Dataset excerpt ▸
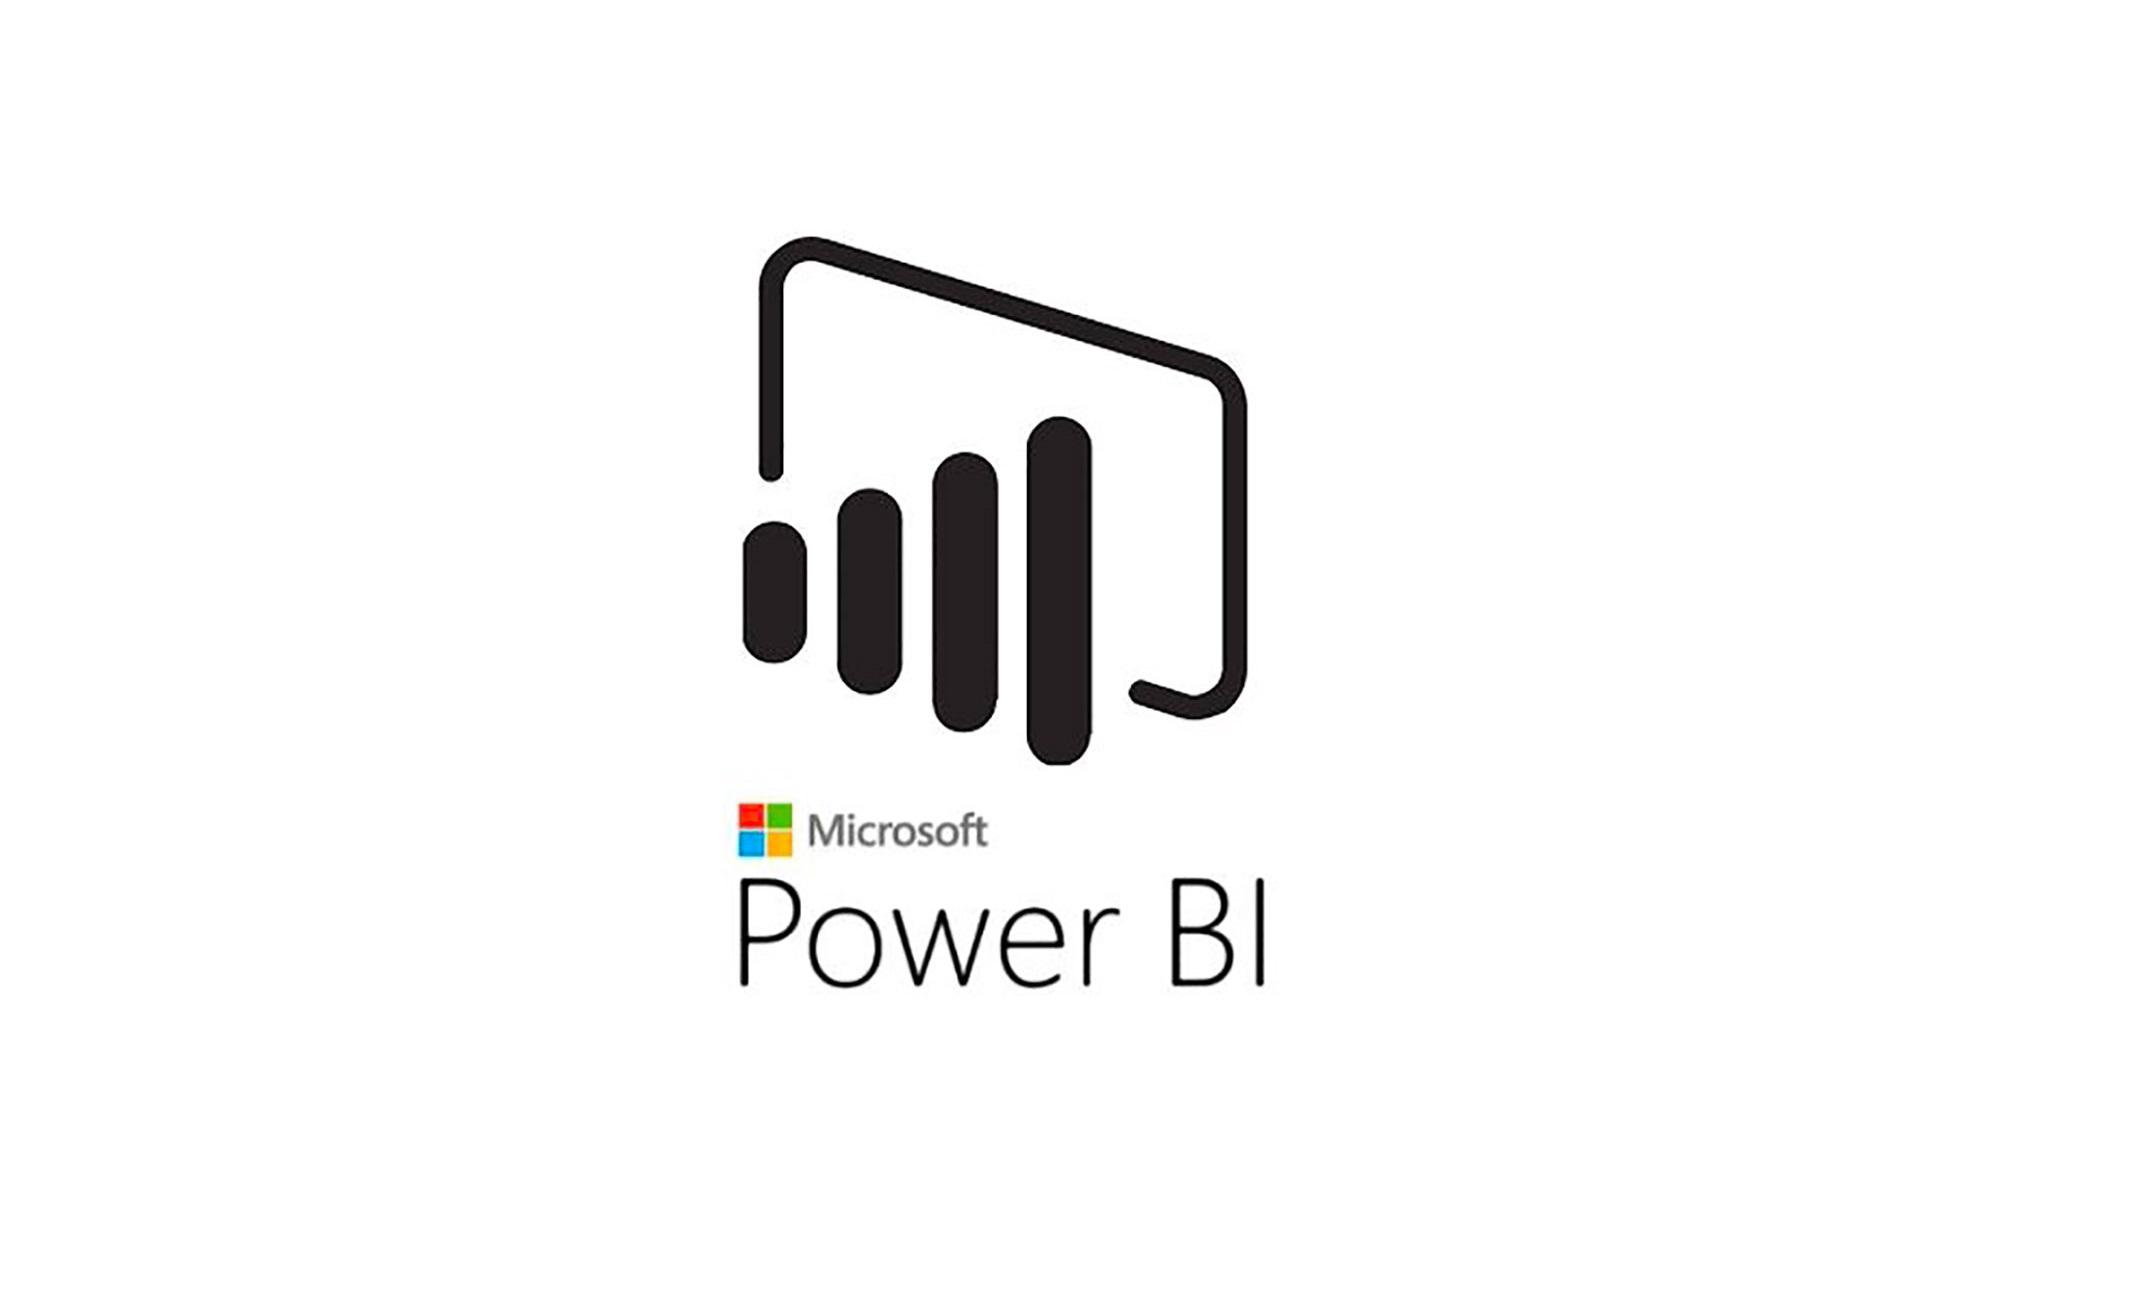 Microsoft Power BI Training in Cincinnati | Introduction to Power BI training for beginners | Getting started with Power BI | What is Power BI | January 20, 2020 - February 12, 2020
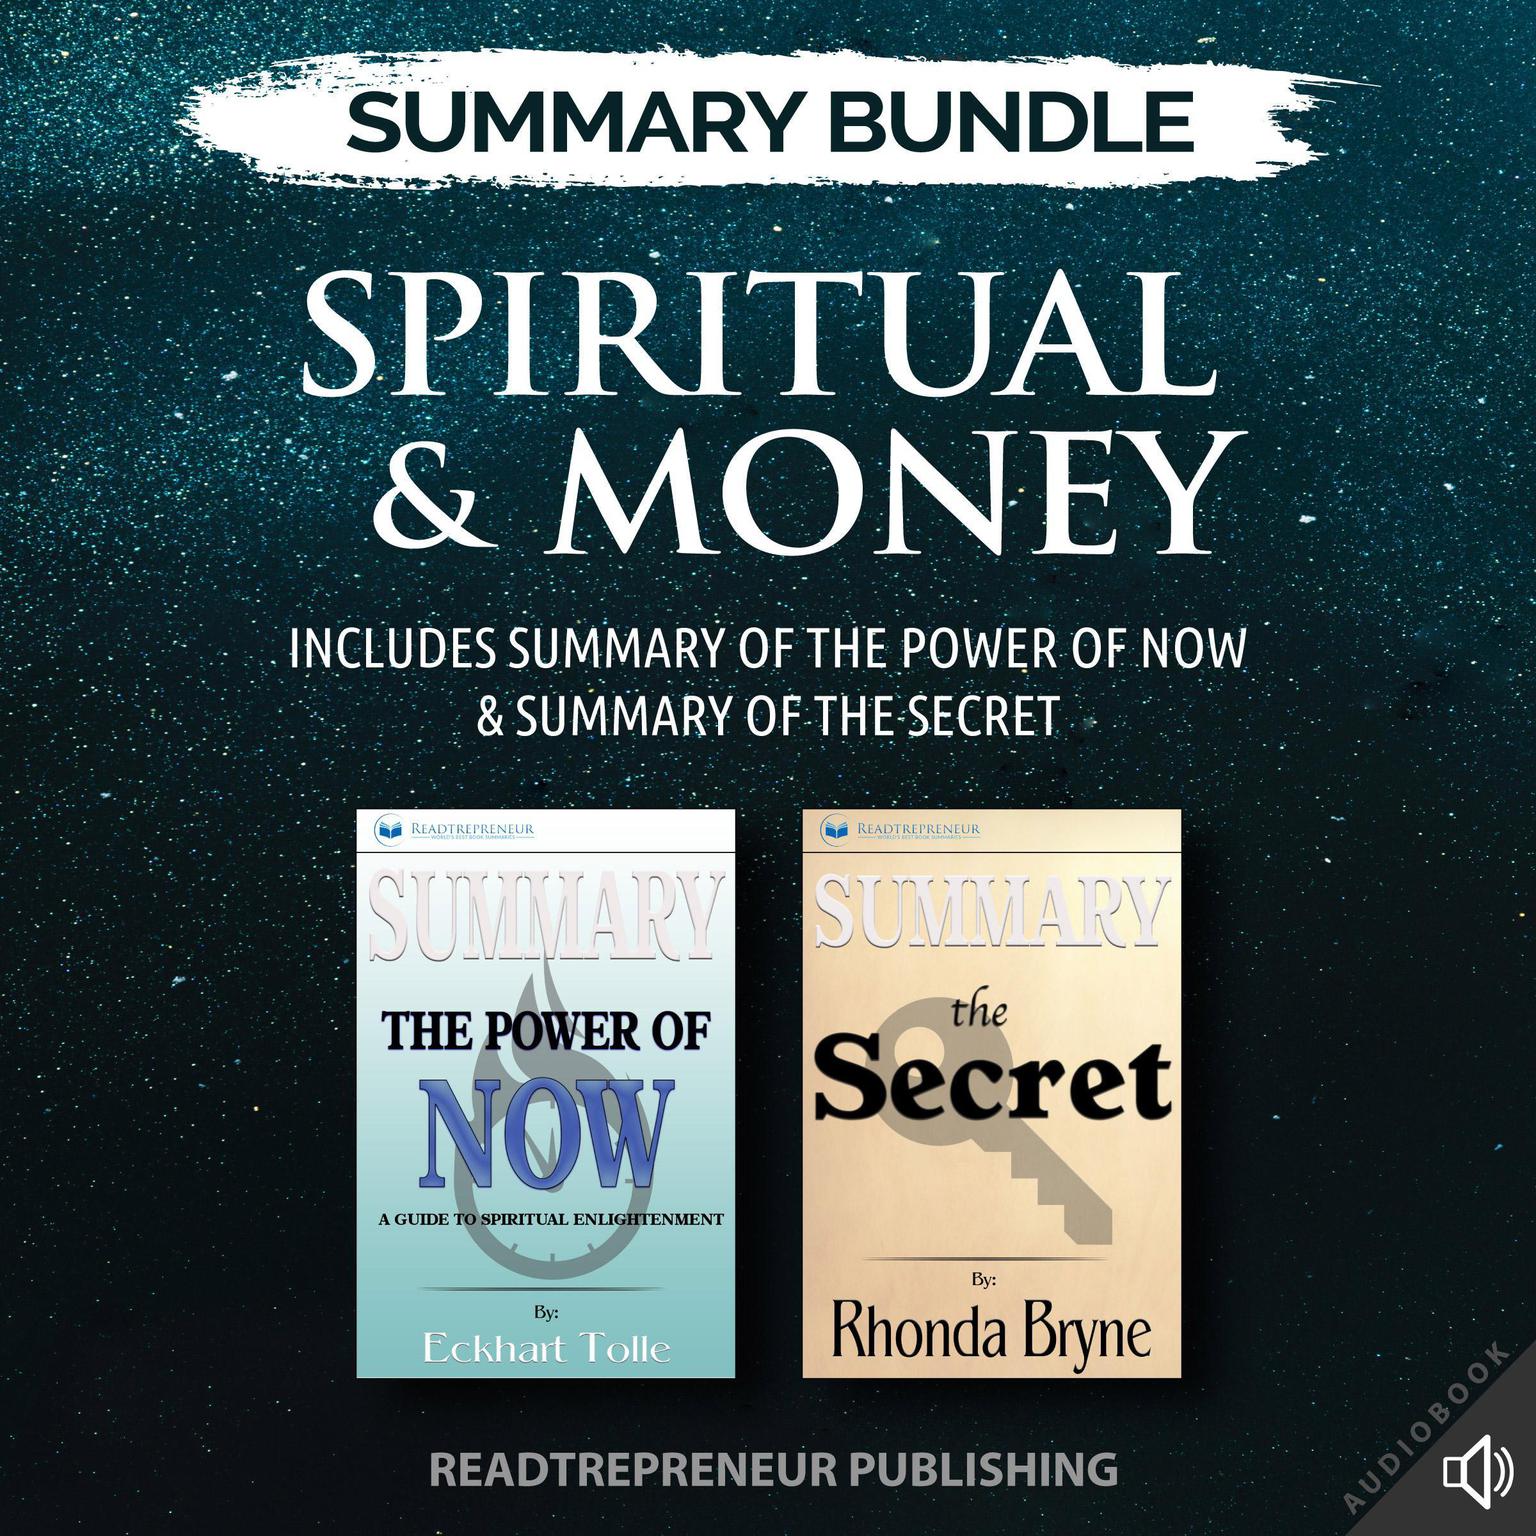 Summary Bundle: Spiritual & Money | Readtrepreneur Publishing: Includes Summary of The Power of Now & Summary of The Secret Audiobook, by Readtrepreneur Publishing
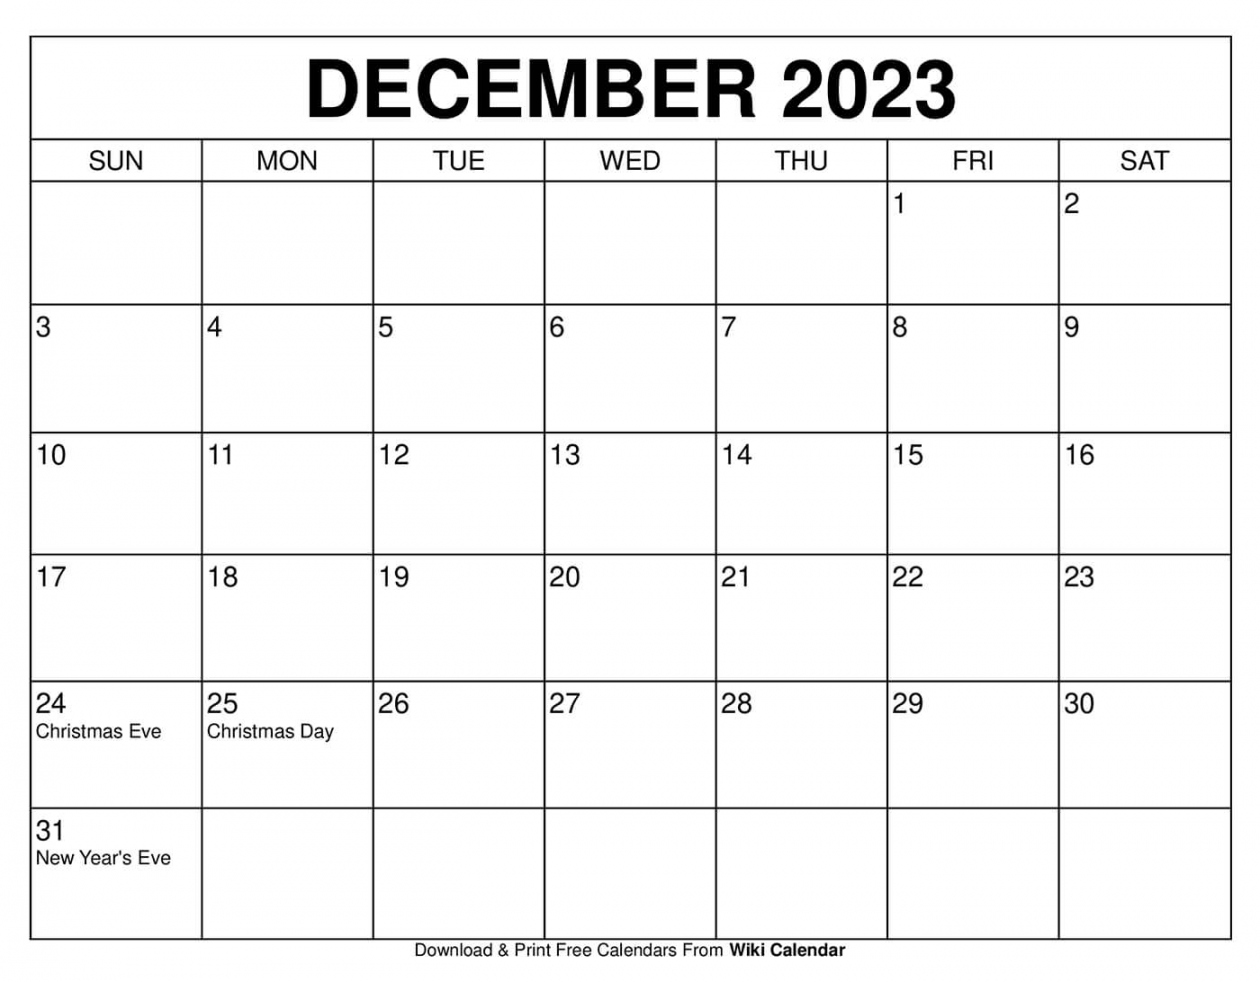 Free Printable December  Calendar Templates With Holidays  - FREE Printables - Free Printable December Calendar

Exercise aim ▸
Repeat the whole of the material above exactly, but keep the pictures out.

Task response ▸
 Microsoft Power BI Training in Cincinnati | Introduction to Power BI training for beginners | Getting started with Power BI | What is Power BI | January 20, 2020 - February 12, 2020
 Summary Bundle: Spiritual & Money | Readtrepreneur Publishing: Includes Summary of The Power of Now & Summary of The Secret Audiobook, by Readtrepreneur Publishing
 Free Printable December  Calendar Templates With Holidays  - FREE Printables - Free Printable December Calendar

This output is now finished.